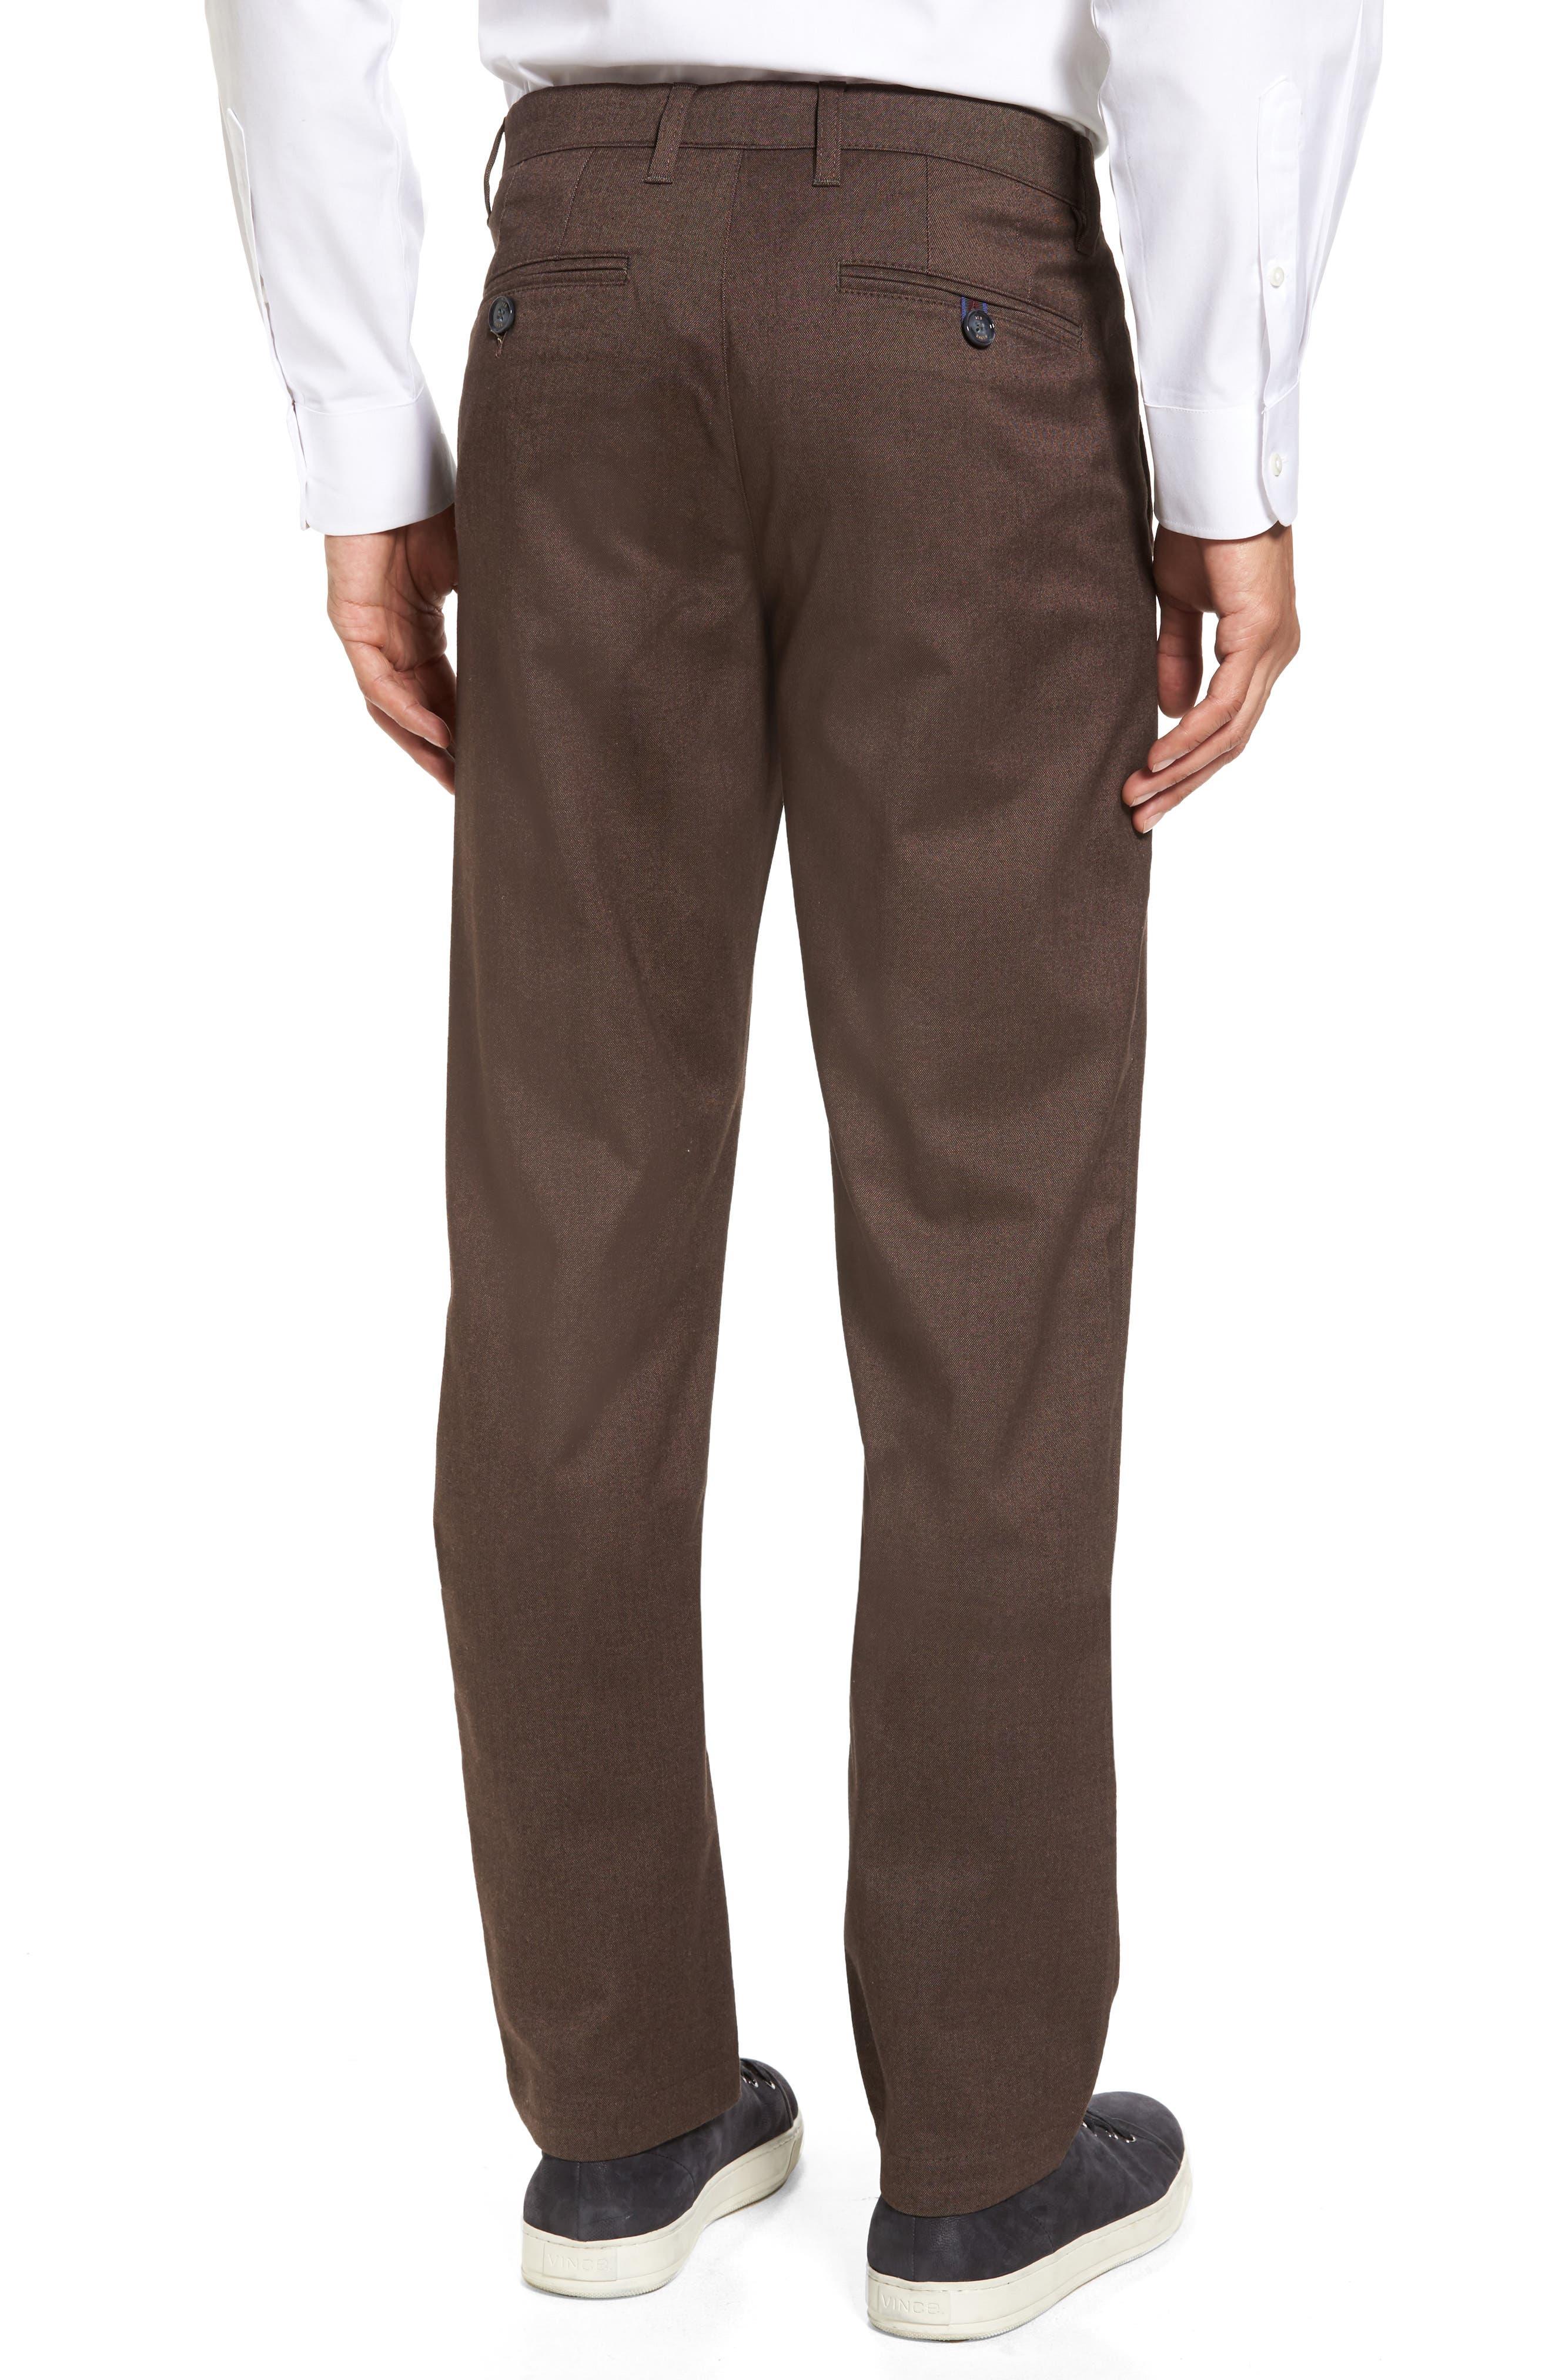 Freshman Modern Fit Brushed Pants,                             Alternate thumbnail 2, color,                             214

......

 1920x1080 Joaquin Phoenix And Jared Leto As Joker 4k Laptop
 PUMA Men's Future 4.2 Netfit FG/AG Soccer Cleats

......

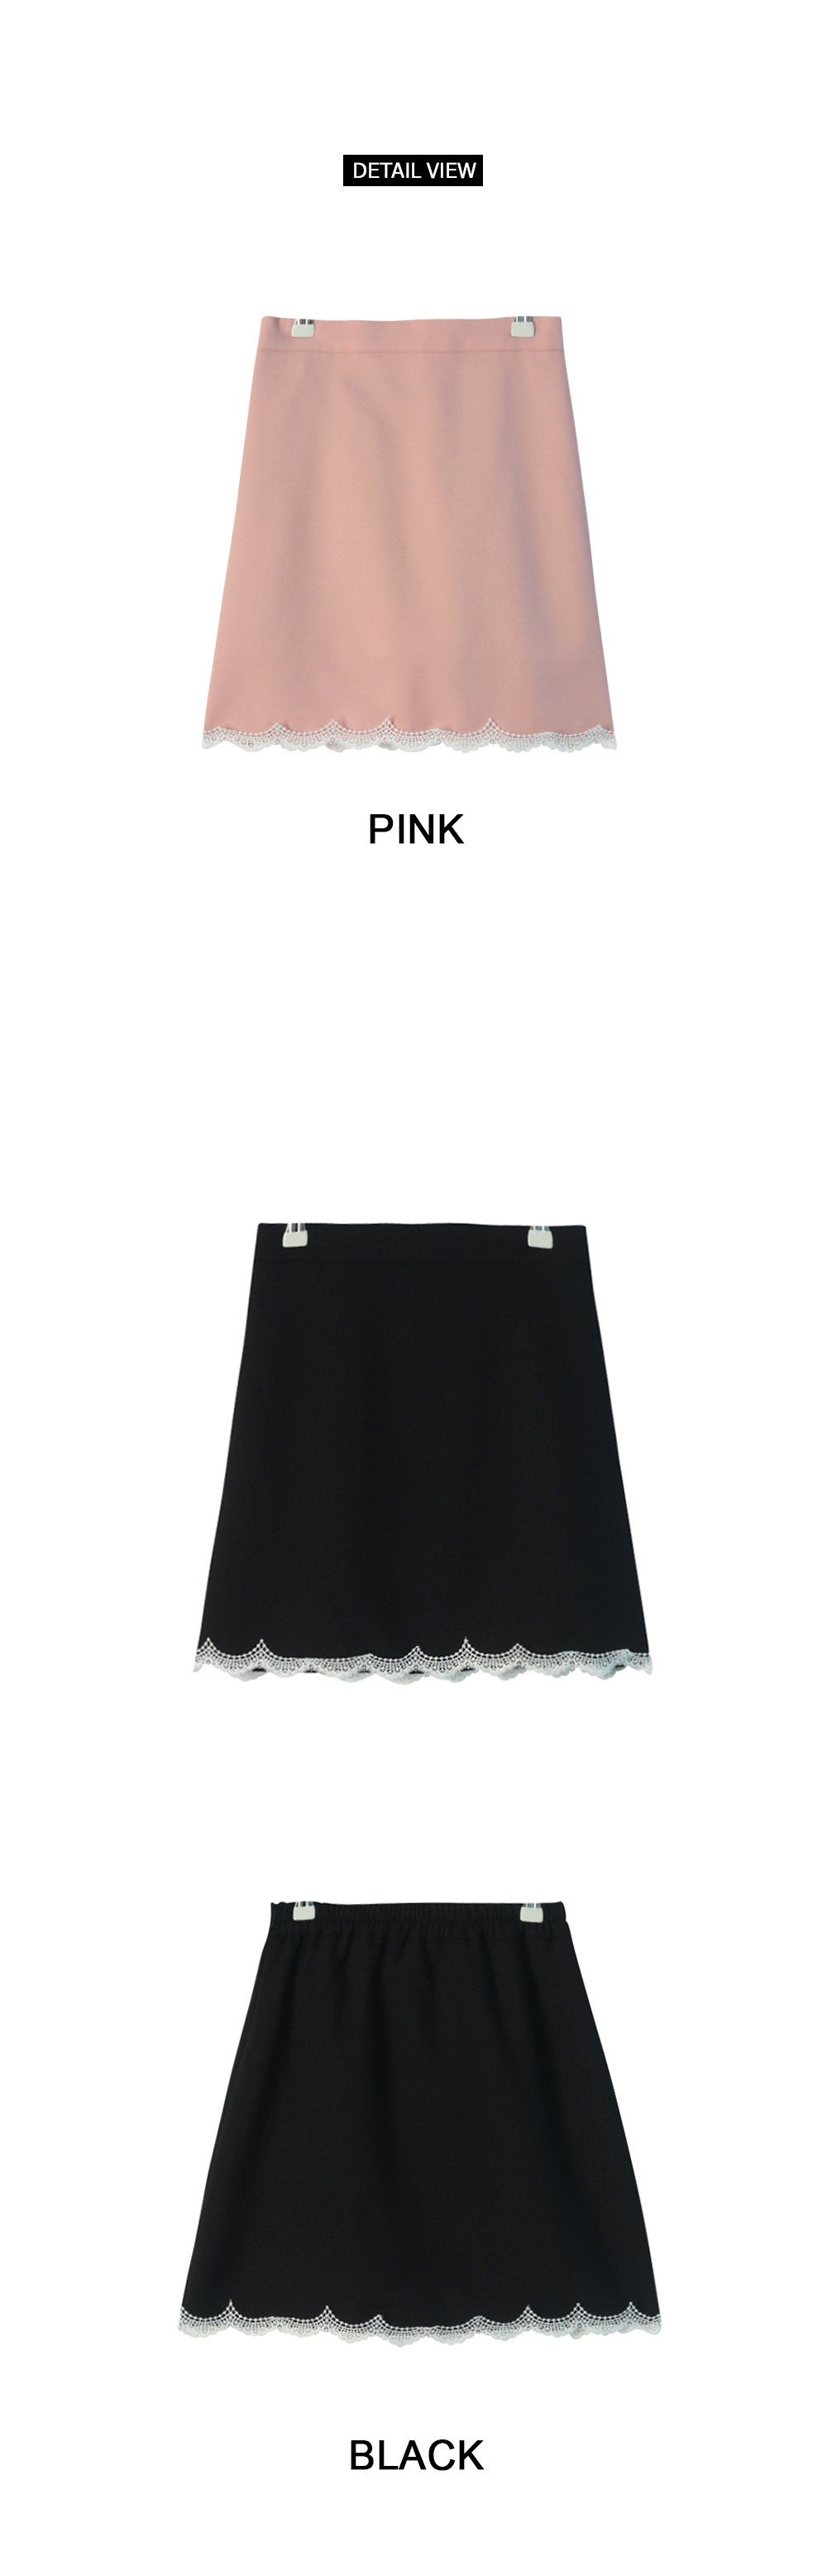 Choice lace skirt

......

In the records above, find the line with "1920x1080 Joaquin Phoenix"; write out exactly that line and each one after it, stopping after the line with "PUMA Men's Future".

**ANSWER SPACE:**
 1920x1080 Joaquin Phoenix And Jared Leto As Joker 4k Laptop
 PUMA Men's Future 4.2 Netfit FG/AG Soccer Cleats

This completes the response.